LIVORNO – Mercoledì scorso 21 gennaio è andato in scena “I soliti Ignoti”, trasposizione teatrale dell’omonimo film di Mario Monicelli (1958), a cura della compagnia teatrale napoletana “Gli Ipocriti”.

Il pubblico livornese, intrattenuto dalla comicità dell’opera, ha riempito la platea e i primi tre ordini del Teatro Goldoni di Livorno, incuriosito probabilmente dall’appeal del capolavoro cinematografico di Mario Monicelli. 

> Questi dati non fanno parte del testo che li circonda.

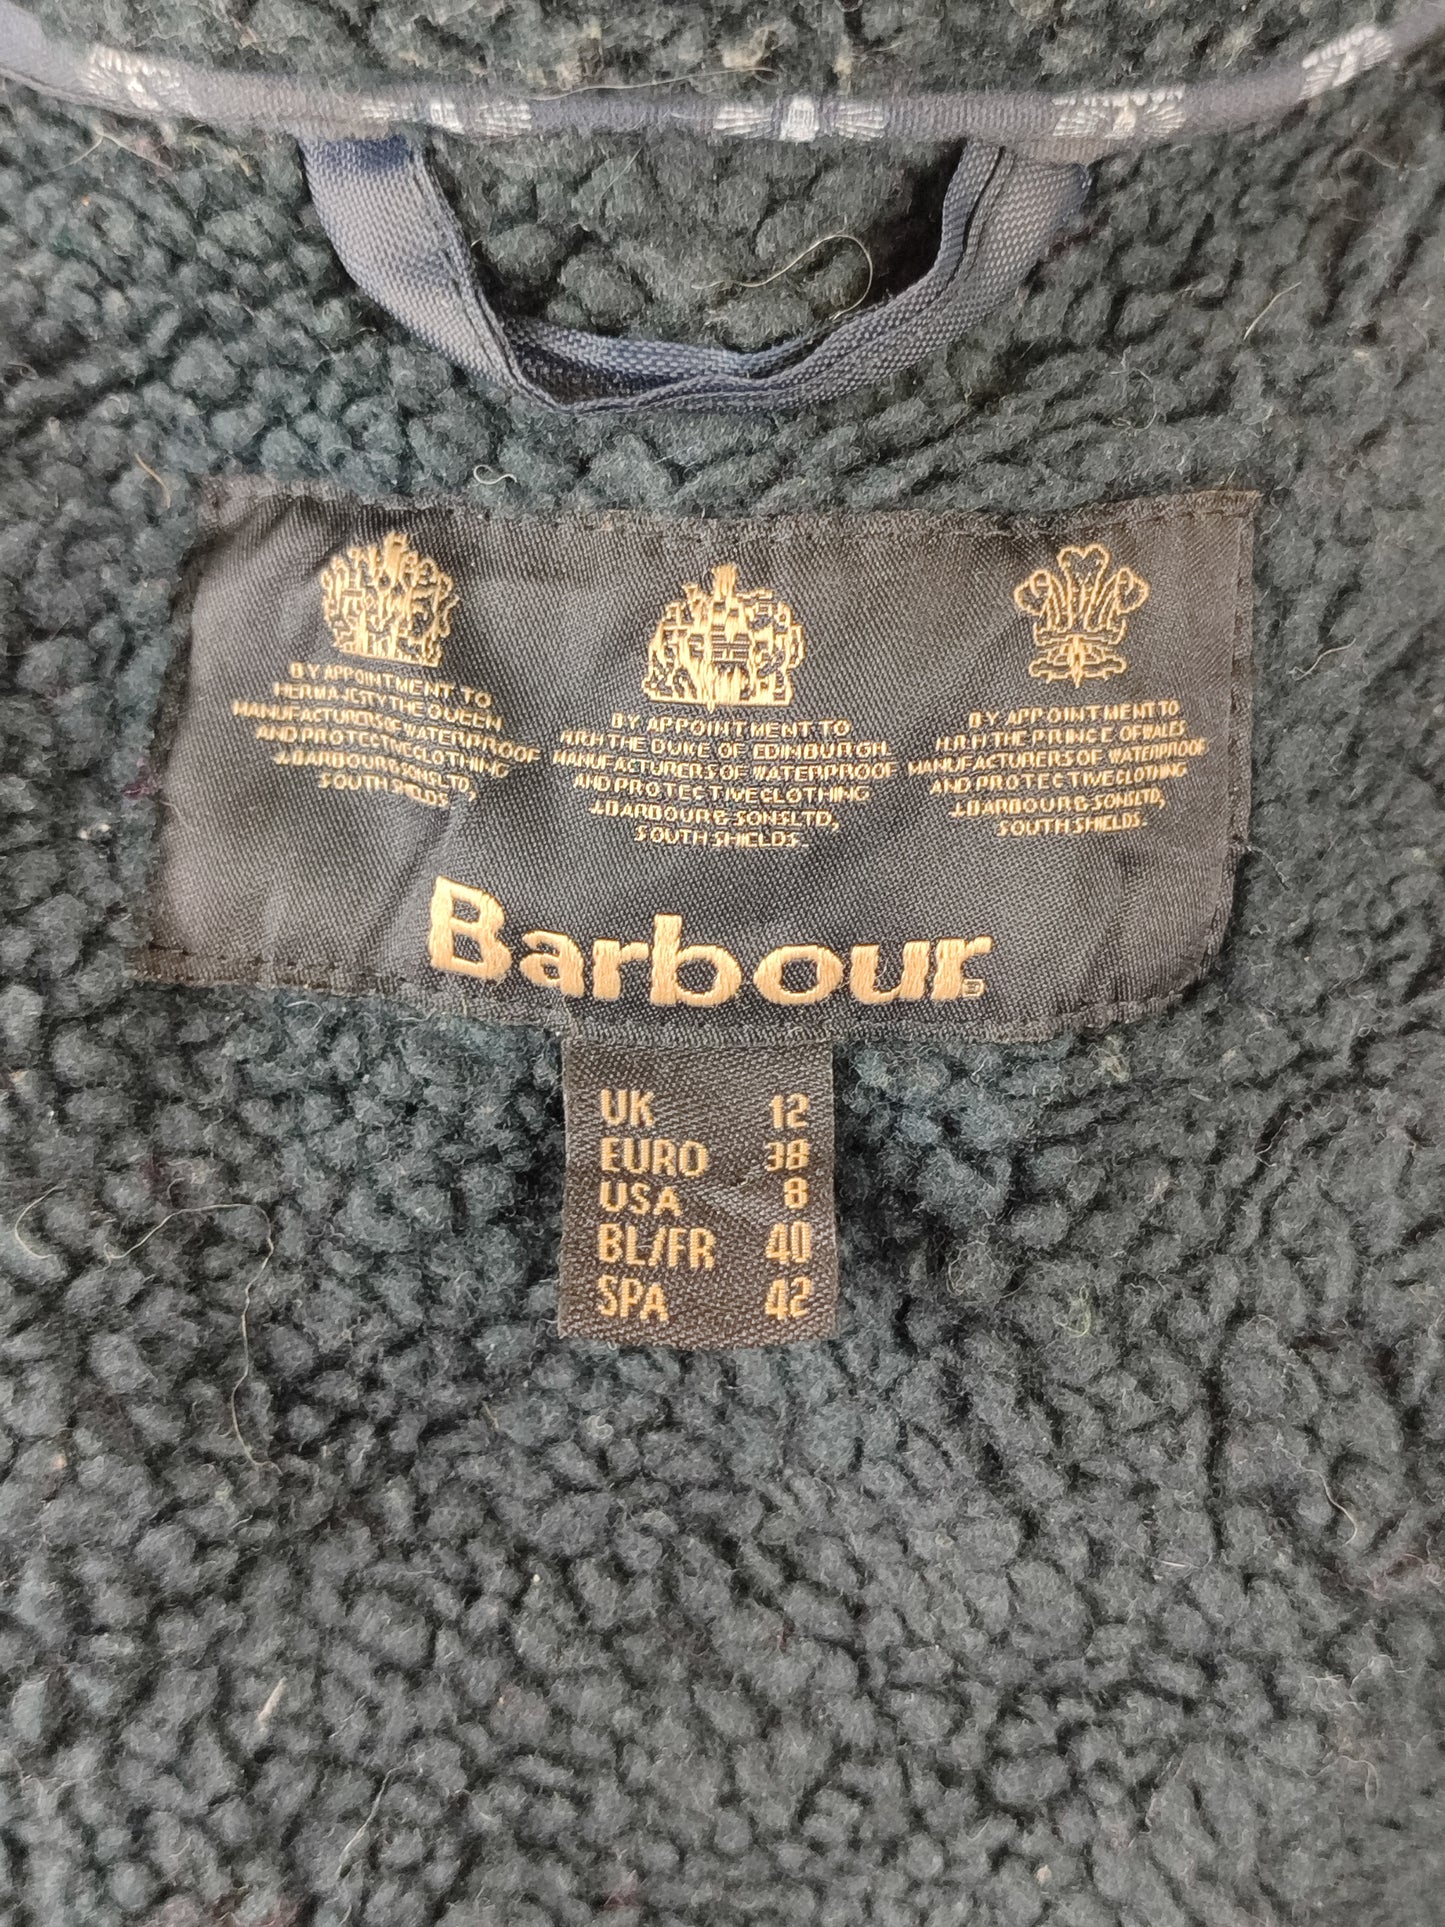 Giacca Barbour blu imbottito da donna UK12 Medium -Lady Navy wax Bridport coat size UK12

La commedia, semplice, realista e lineare come l’originale film, è sicuramente stata un prodotto differente dagli attuali film italiani. Non più scenari surreali, relazioni sentimentali contorte e trame lontane dalla realtà, ma un tuffo nei problemi e nelle verità del dopoguerra italiano. 

Gli spettatori hanno pertanto sicuramente assistito a qualcosa di tangibile, raccontato con una drammaturgia semplice e appassionante. Il neorealismo dell’opera, in ogni caso, nonostante la sua spontaneità, ha saputo raccontare egregiamente la vita, la storia e le psicologie dei vari protagonisti, che hanno rappresentato le facce dell’allora Italia. 

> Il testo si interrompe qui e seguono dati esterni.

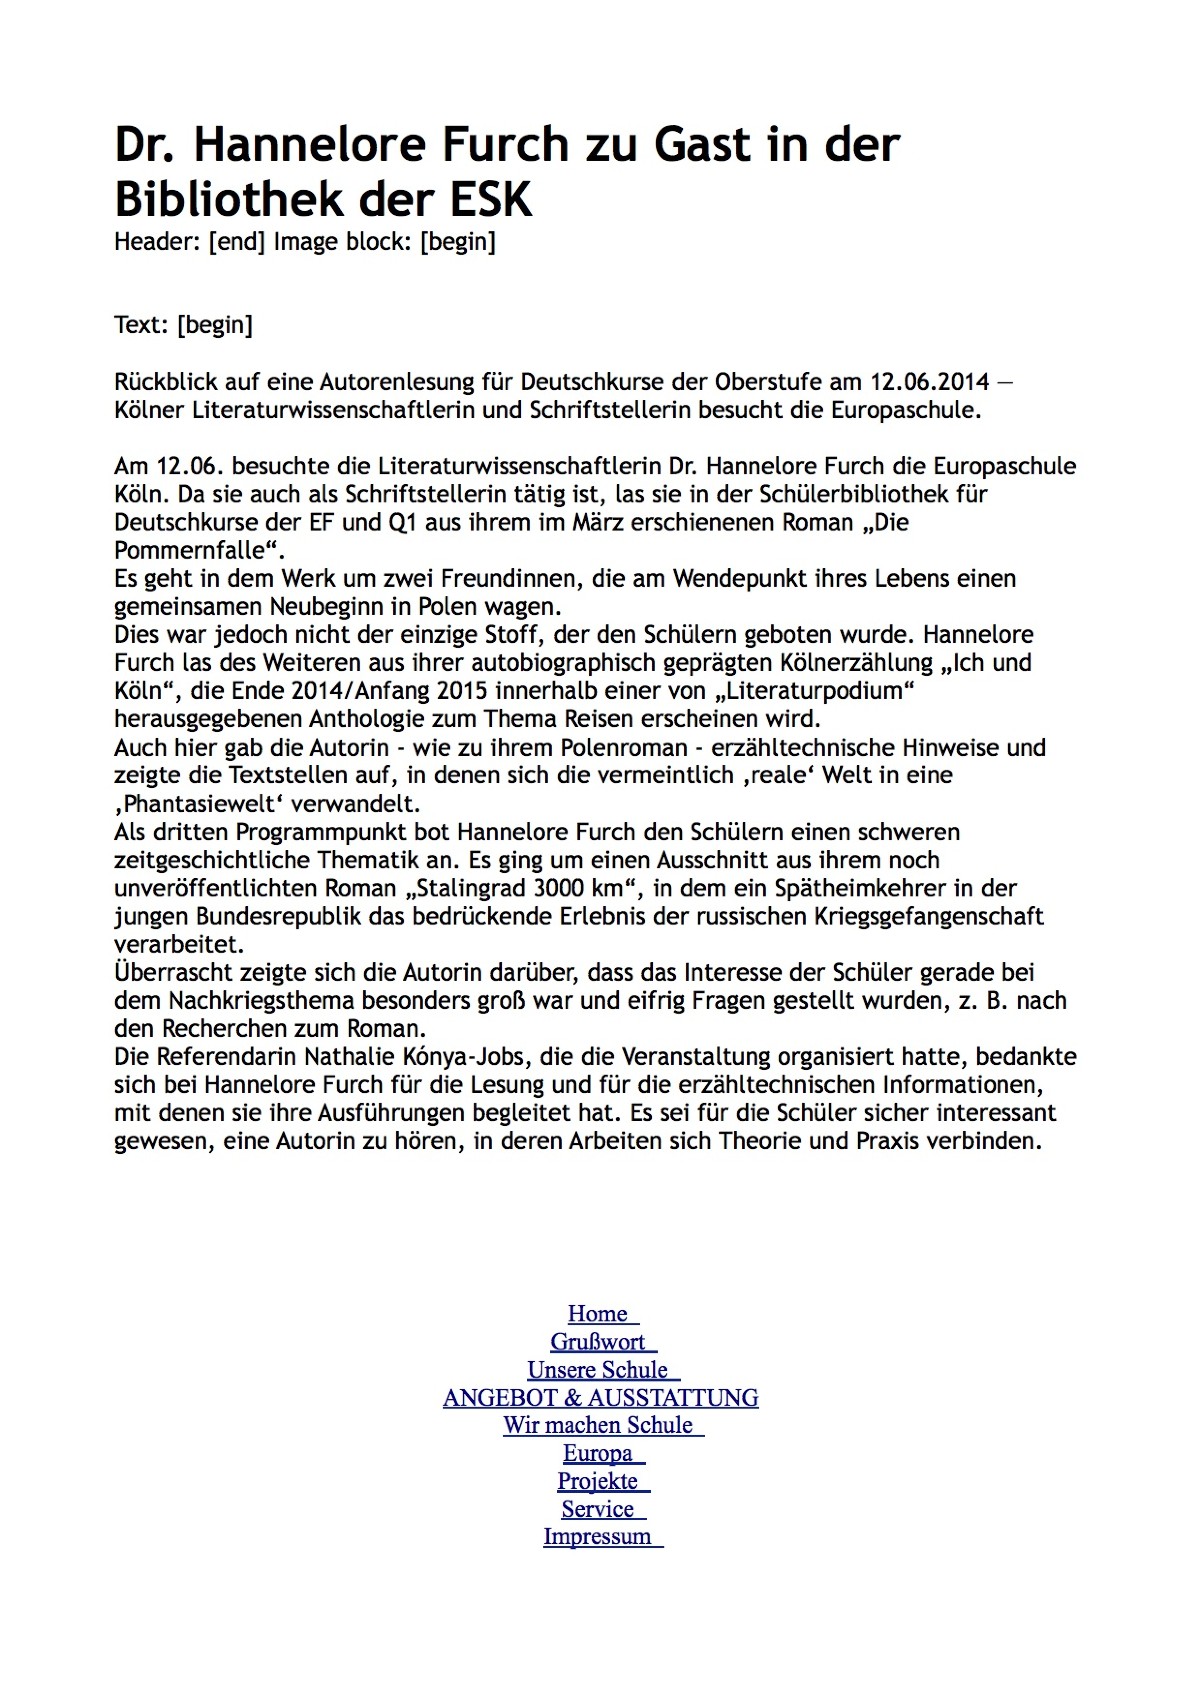 Lesung von Hannelore Furch in der Europaschule Köln am 12.06.2014.

Esemplare a riguardo si cita il monologo e la frustrazione di Cosimo Proietti (interpretato da Augusto Fornari), raccontata dopo essere stato investito mortalmente da un tram per un tentato scippo. Il dialogo, infatti, è stato una ragguardevole sforzo di sintesi, teso a raccontare l’esperienza, i rammarichi e la vanità e gli insuccessi di un ladruncolo di borgata romana. 

La Trama (Luigi Marri)

L’adattamento teatrale è stato molto fedele alla sceneggiatura e allo spirito del film. Ambientato nelle povere periferie costruite dai palazzinari nel dopoguerra, narra le vicende di un gruppo di ladruncoli che organizza un apparentemente facile colpo al Monte di Pietà.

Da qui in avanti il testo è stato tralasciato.